-- Task prompt --
Quote all of the data that follows exactly as written, skipping the images.

-- Supplied data --
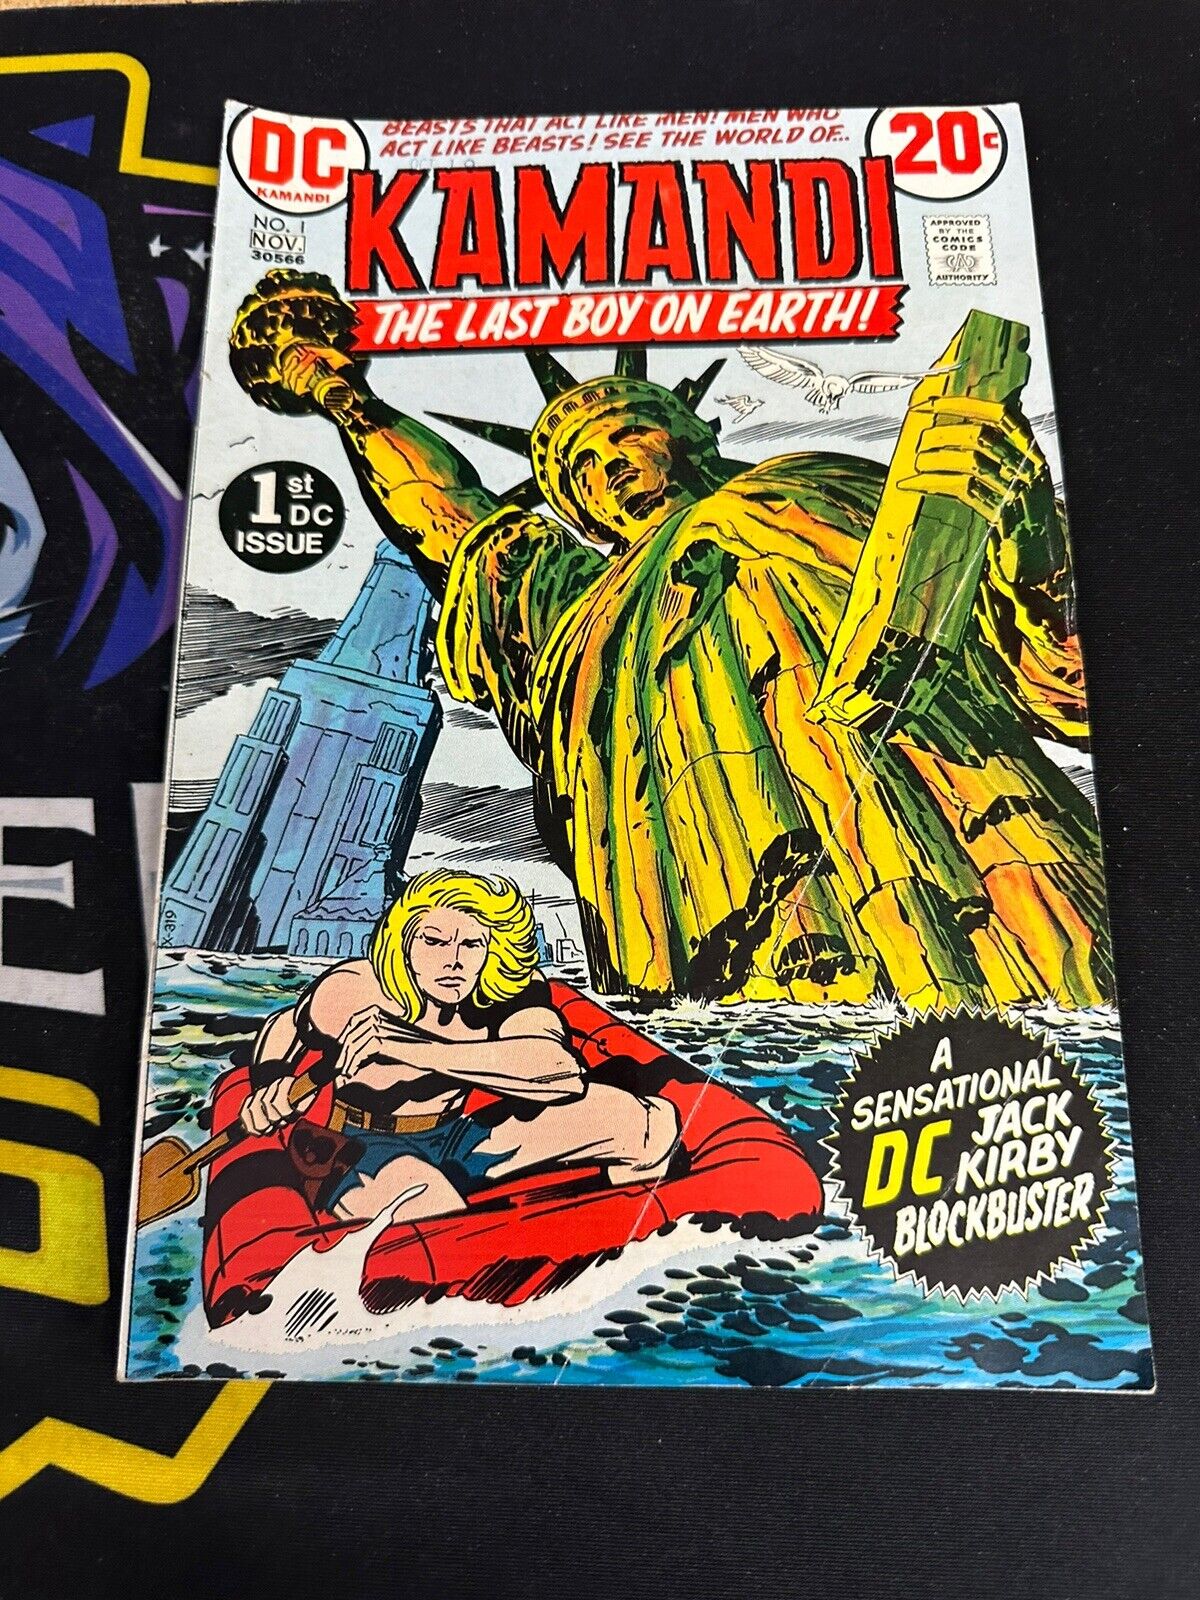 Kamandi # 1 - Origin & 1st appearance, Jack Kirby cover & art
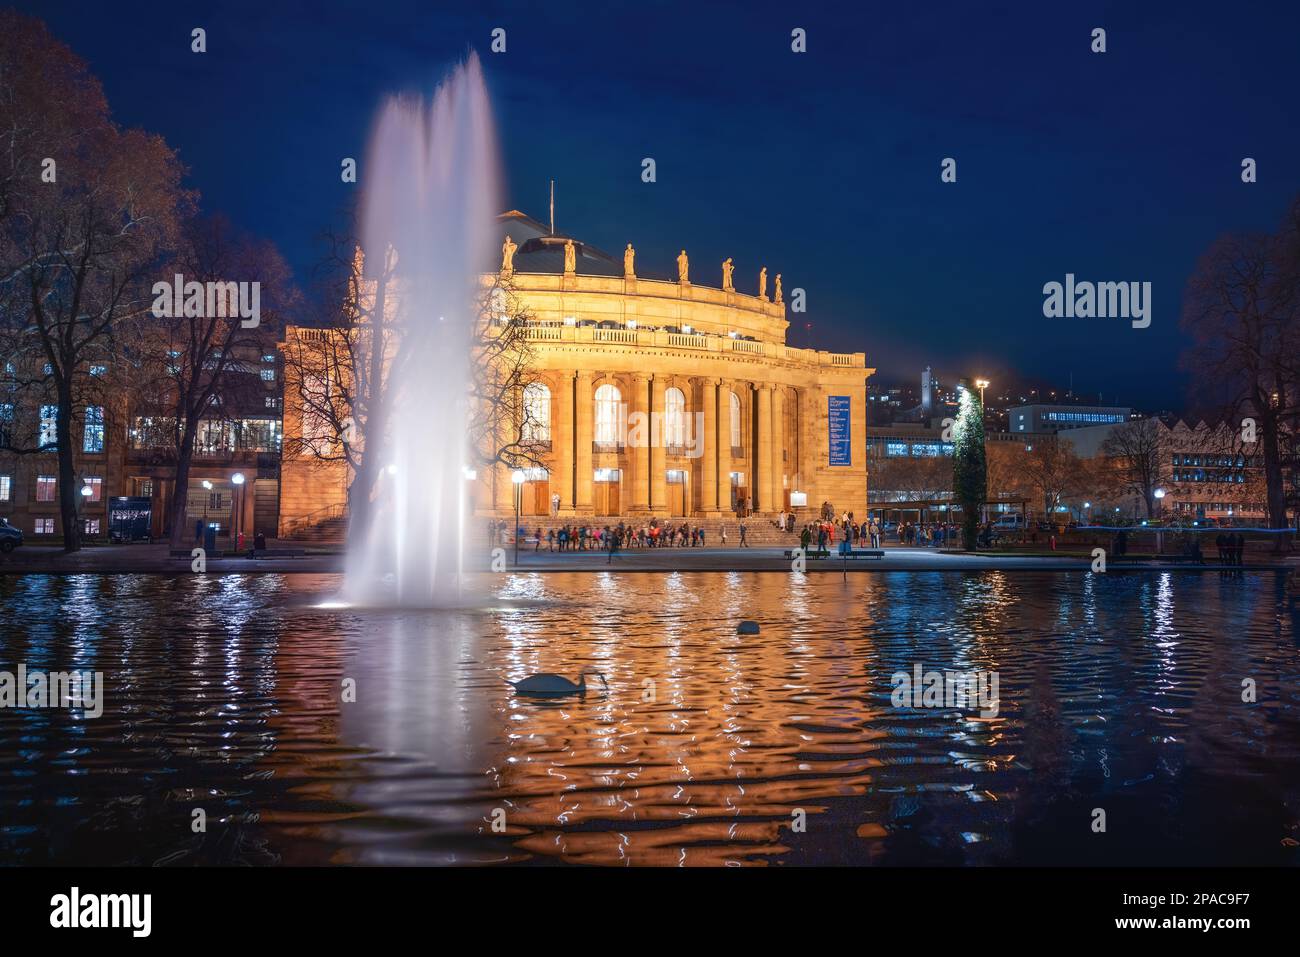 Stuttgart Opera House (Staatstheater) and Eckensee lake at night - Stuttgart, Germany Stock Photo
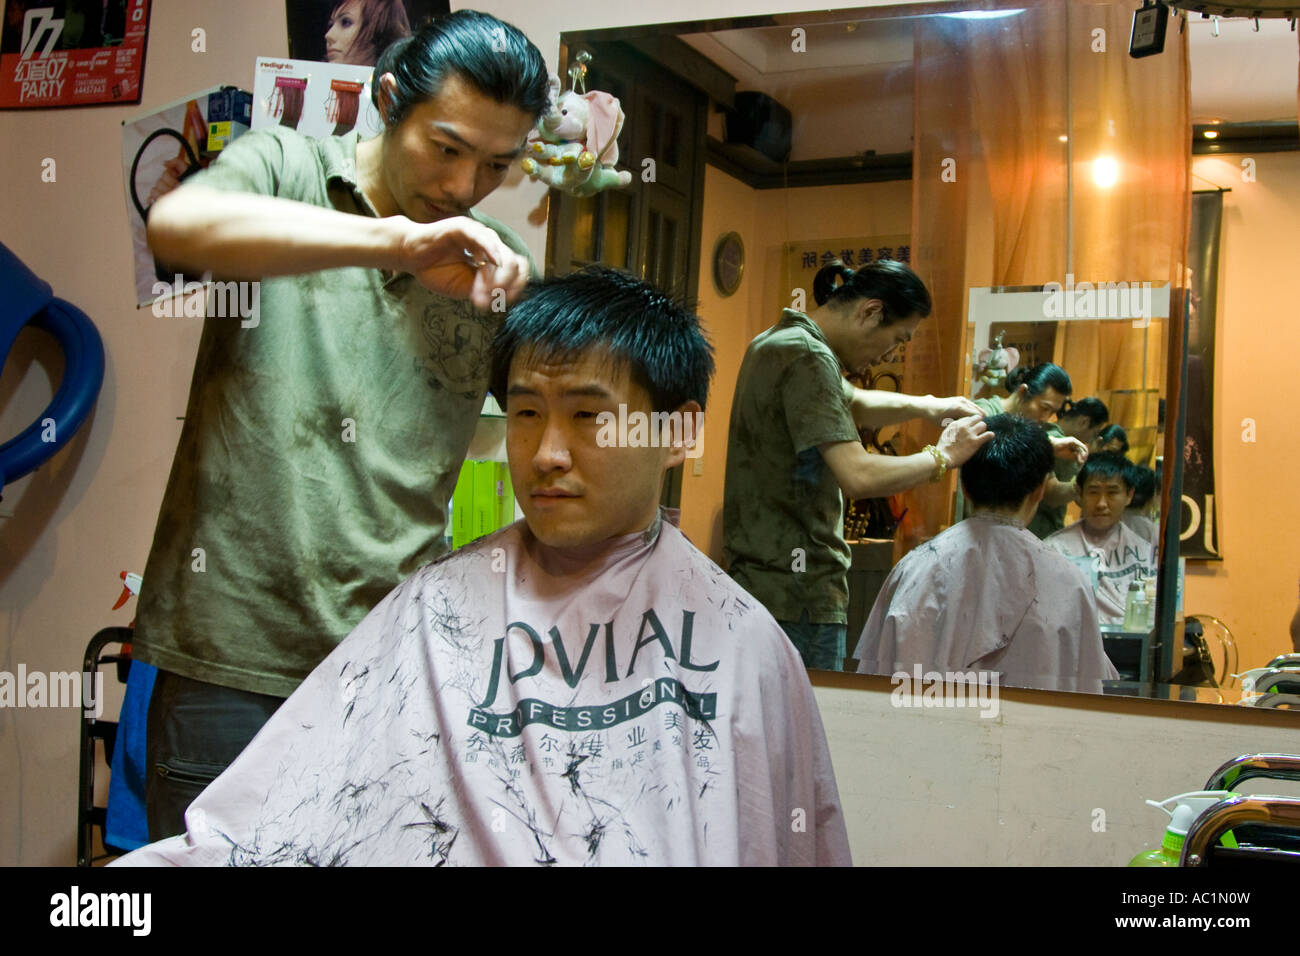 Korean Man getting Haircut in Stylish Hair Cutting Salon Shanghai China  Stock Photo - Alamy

-- Answer section --
 Kamandi # 1 - Origin & 1st appearance, Jack Kirby cover & art
 Stuttgart Opera House (Staatstheater) and Eckensee lake at night - Stuttgart, Germany Stock Photo
 Korean Man getting Haircut in Stylish Hair Cutting Salon Shanghai China  Stock Photo - Alamy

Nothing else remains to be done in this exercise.